The Enemy of the Good

Recently, the director of the National Institute on Drug Abuse (NIDA), Dr. Nora Volkow, wrote an essay critiquing abstinence-only and relapse thinking in addiction treatment.

The unhelpful assumption that abstinence is the only successful outcome of treatment is something the addiction treatment field has struggled with for years. I was encouraged as I read her words asking professionals to “not let the perfect be the enemy of the good” – and instead, to reduce stigma and offer more pragmatic treatment that meets people where they are. I agree that we should take all the good we can get when it comes to reducing adverse consequences of substance use, and the science does, too.
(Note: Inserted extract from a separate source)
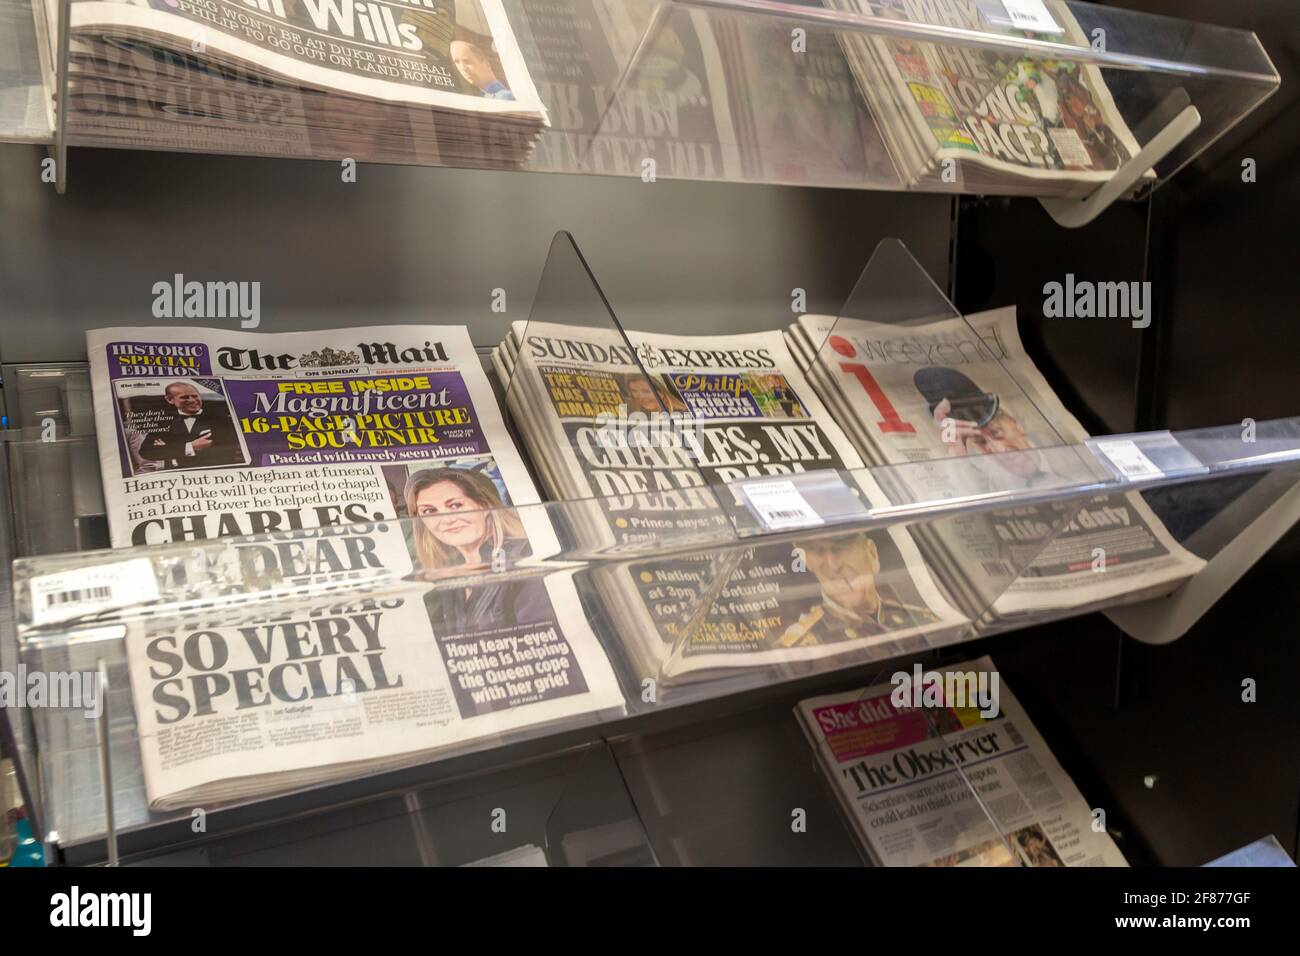 A newsstand inside a shop showing various newspapers for sale Stock Photo

I read this essay while eating my lunch exactly 40 days into the new year. For the first 38 days of 2022, I had done what I had announced to my family as I polished off a big piece of chocolate cake on New Year’s Eve. I was going to commit to my fitness in the new year by doing one 10-minute “crush your core” workout every day. I told my family I was soon going to be well on my way to the workout’s promise of abs of steel.

But one Tuesday (day 39 of this new year), I didn’t crush. I didn’t even crunch. If I am being completely honest, I likely didn’t flex a single core muscle the whole day. I was gloomy about it because I had opened my email to find a message from my fitness program telling me my streak of consistent workout days had ended. The email showed a calendar with a big empty white space over Tuesday. Bright blue dots covered the 38 days before. I felt crummy. I thought about eating ice cream for lunch instead of a sandwich. I considered deleting the app and forgetting about having abs made of anything other than soft, chocolate ice cream.

Then I read this essay from Dr. Volkow. For fun (recognizing the similarities that span all types of behavior change), I replaced key terms related to substance use and abstinence with “crushing your core.” Here’s a snippet of the modified essay, tailored to my own experience:

But as long as [core crushing] is only regarded as successful if it produces [consistent core crushing without ever skipping a single day], then even one-time lapses can trigger unnecessary guilt, shame and hopelessness. If an individual feels like they are bad, weak or wrong for [not crushing their core one single day after a period of daily, consistent core crushing], it could potentially make it more likely for those [days skipping core crushing] to become more frequent…

Shoot. I had mistakenly fallen into the unhelpful, black-and-white, relapse thinking pattern. I had let perfect become the enemy of the good.